Background & Summary

Clonogenic assay or colony formation assay is an in vitro cell survival assay based on the ability of a single cell to grow into a colony; a colony is defined as having at least 50 cells1. The surviving fraction (SF) of cells as the function of absorbed dose can generally be described by the linear-quadratic (LQ) model2 (Eq. 1). In this model, the fraction of surviving cells decreases exponentially as the function of dose, and this exponential function consists of a linear and a quadratic term. As surviving fraction is normalized to the unirradiated control, it equals 100% at 0 Gy by definition:

$$SF={e}^{-\alpha D-\beta {D}^{2}},$$
(1)

where D is the absorbed dose (Gy) and α and β are the linear and quadratic parameters describing the radiosensitivity of the cells.

For certain cell lines, however, the surviving fraction at low doses significantly differs from the LQ model3. These cell lines exhibit hyper-radiosensitivity (HRS) at very low radiation doses (~0.1 Gy) which is not predicted by extrapolating the cell survival response from higher doses using the LQ model. As the dose increases above ~0.3 Gy, there is an increased radioresistance (IRR) to doses beyond ~1 Gy, where radioresistance is maximal, and cell survival starts to follow the LQ model. As HRS and IRR may have implications for cancer therapy, several biophysical models4,5,6,7,8 have been developed, aiming to provide a deeper understanding of the phenomena.

The development and validation of such biophysical models requires raw experimental data, and cell survival data are a key resource in understanding the factors underlying the phenomena of biosensitivity to low dose radiation. Despite improvements in the requirement for authors to make raw data supporting publications publicly available, there is still a significant gap between expectation and delivery9,10,11. Moreover, it is also clear that relying on authors to provide data personally on request is not reliable, and accessibility decreases with time from the data of publication12. We have addressed this problem by extracting primary data from published graphics in papers, a strategy not so far attempted at scale, and provide that data in a public database together with a demonstration of the power of data integration and reanalysis, supporting key aims of FAIR data which include interoperability and reuse13. Reproducibility of published studies is of increasing concern14,15 and we demonstrate here how reproducibility can be assessed using data harvested from prior studies.

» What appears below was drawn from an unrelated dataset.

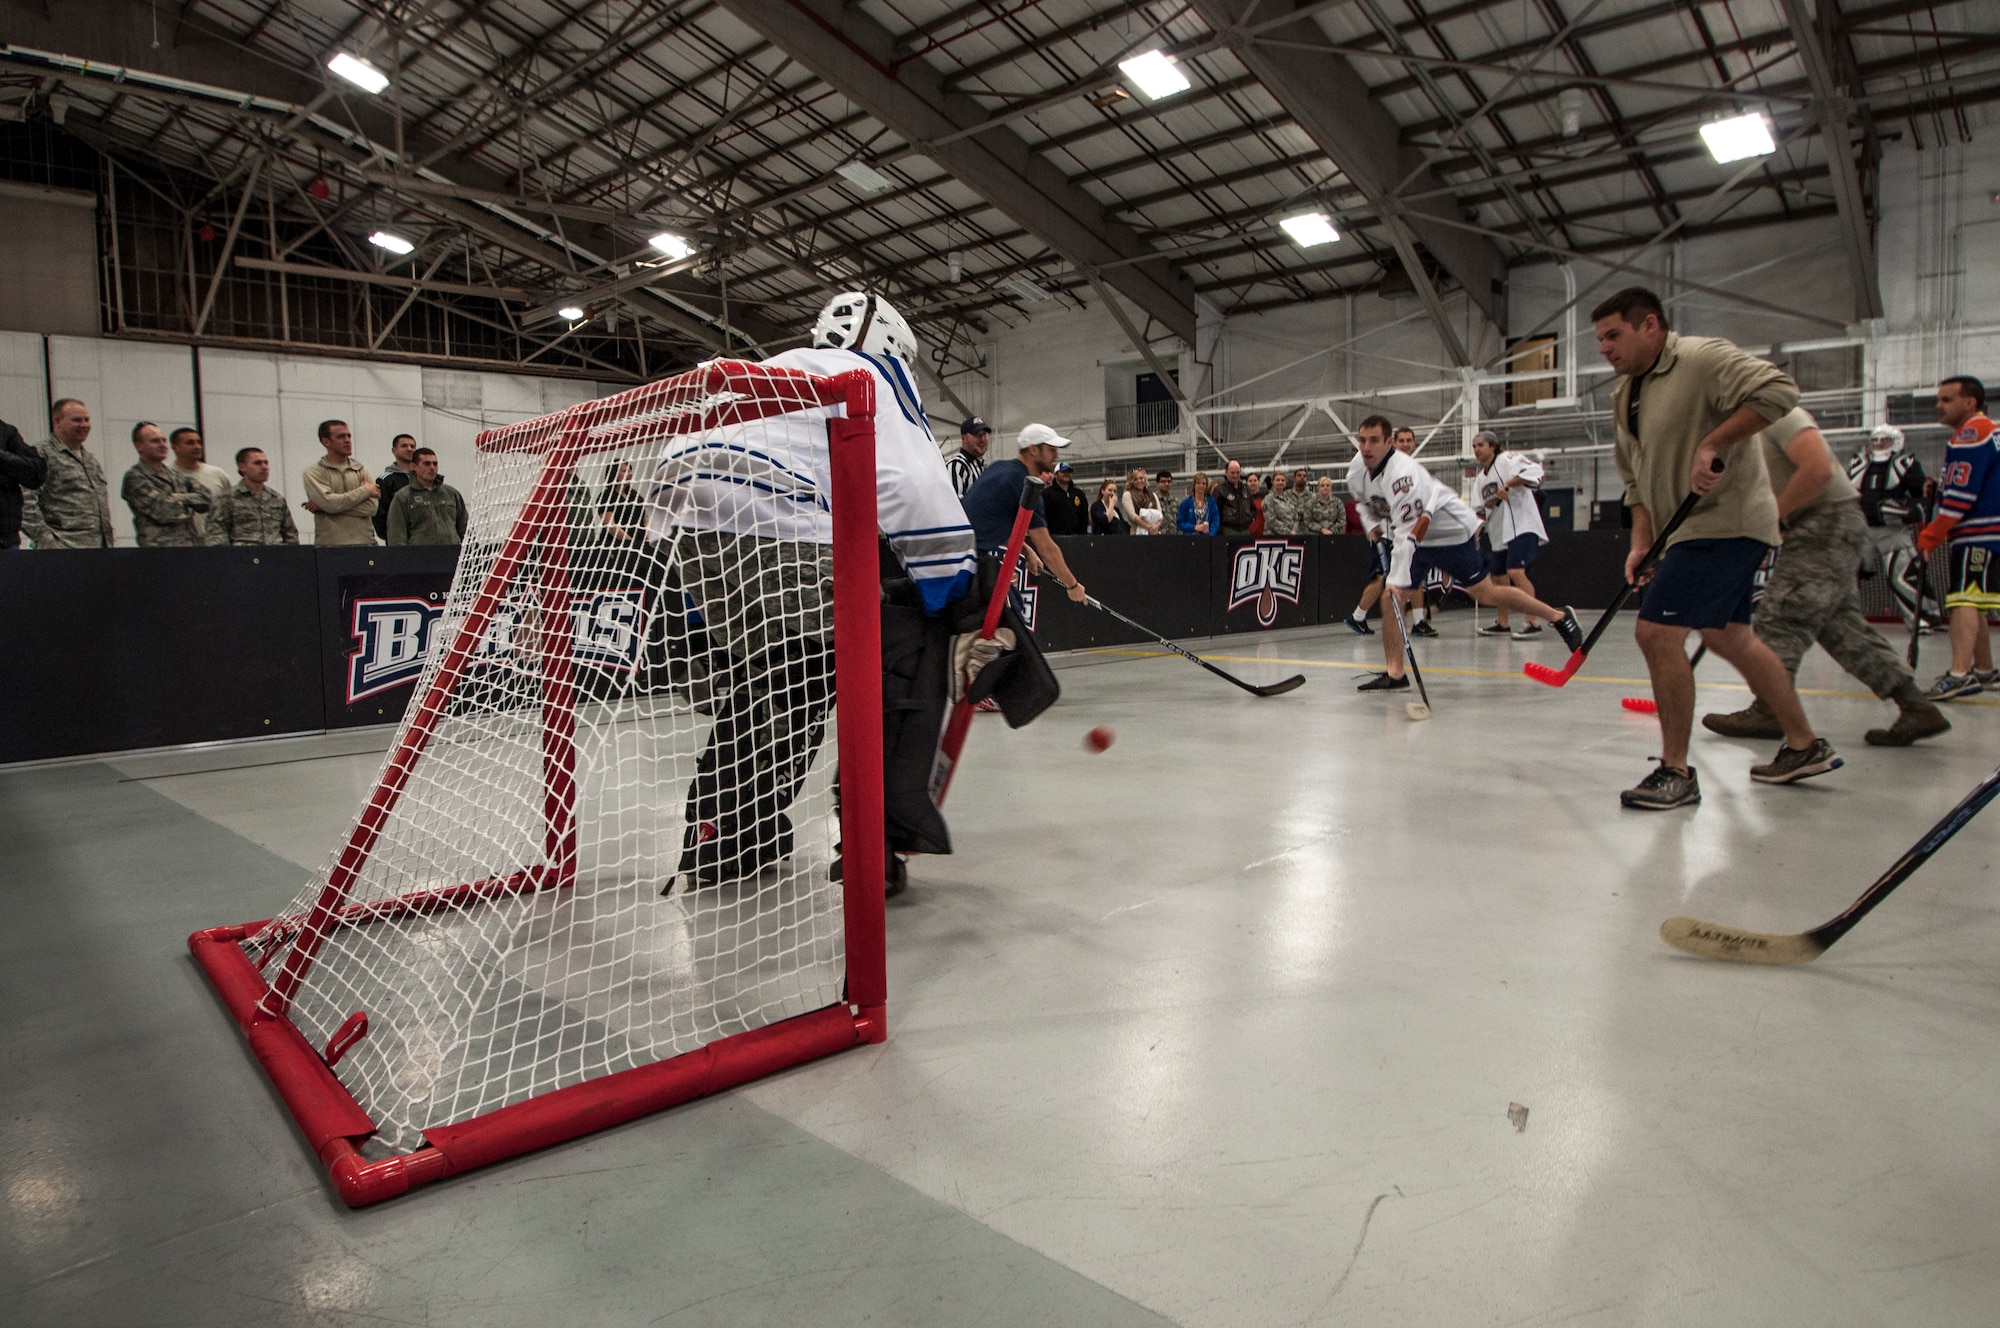 Senior Master Sergeant Bob Gaspar, 507th Operations Group superintendent of intelligence, stops a point blank shot from Oklahoma City Barons hockey player, Bradley Hunt during a floor hockey game January 14, 2014 in the Maintenance Squadron hangar.  Hunt was one of four Barons players to volunteer for the game here as part of a winning raffle by 507th Civil Engineering Squadron’s Senior Master Sgt. Daniel Bostwick.  Five members from the 507th and 137th Oklahoma Air National Guard Air Refueling Wings participated in the game as dozens more took time to come watch.  The four Barons hockey players along with two cheerleaders toured a KC-135R Stratotanker prior to the game.  The Oklahoma City Barons are part of the National Hockey League’s Edmonton Oilers.  (U.S. Air Force photo/Senior Airman Mark Hybers)

Friedrich et al.16 established a database, the Particle Irradiation Data Ensemble (PIDE), of cell survival experiments published in the literature. Raw data have been added more recently17. The focus of their data mining was to support the study of relative biological effectiveness (RBE) for clonogenic cell survival as endpoint, and to provide a benchmark for RBE-predicting models against experimental data. Therefore, only those in vitro cell survival experiments are included in PIDE, where data are available on both photon and ion irradiation, excluding important studies of HRS and IRR.

The aims of the present study were to collect datasets featuring experiments with various cell cultures showing HRS and IRR from published articles in a reproducible and technically sound way and make them publicly available according to the FAIR guidelines13. Besides raw data on cell survival and absorbed dose, parameters of the most frequently fitted models, the LQ model and the induced repair model (IR model) were also collected. A schematic overview of the study is provided in Fig. 1.

Fig. 1
figure 1

The flow chart describing the steps we used to acquire the datasets for the database.

Methods

A literature review was performed using the search tool of Google Scholar (https://scholar.google.com/) with the keywords of “low-dose hyper-radiosensitivity”, “low-dose hrs”, and “induced radioresistance”. The references in the articles found were also searched for graphs. The last search was performed on 2nd August 2021. Criteria for a graph to be processed were the following:

  1. (i)

    a low-dose HRS region could clearly be identified in the graph,

  2. (ii)

    the data points of the surviving fractions and their uncertainties were readable from the graphs, and

  3. (iii)

    the axes and the scale of the graphs were clearly visible.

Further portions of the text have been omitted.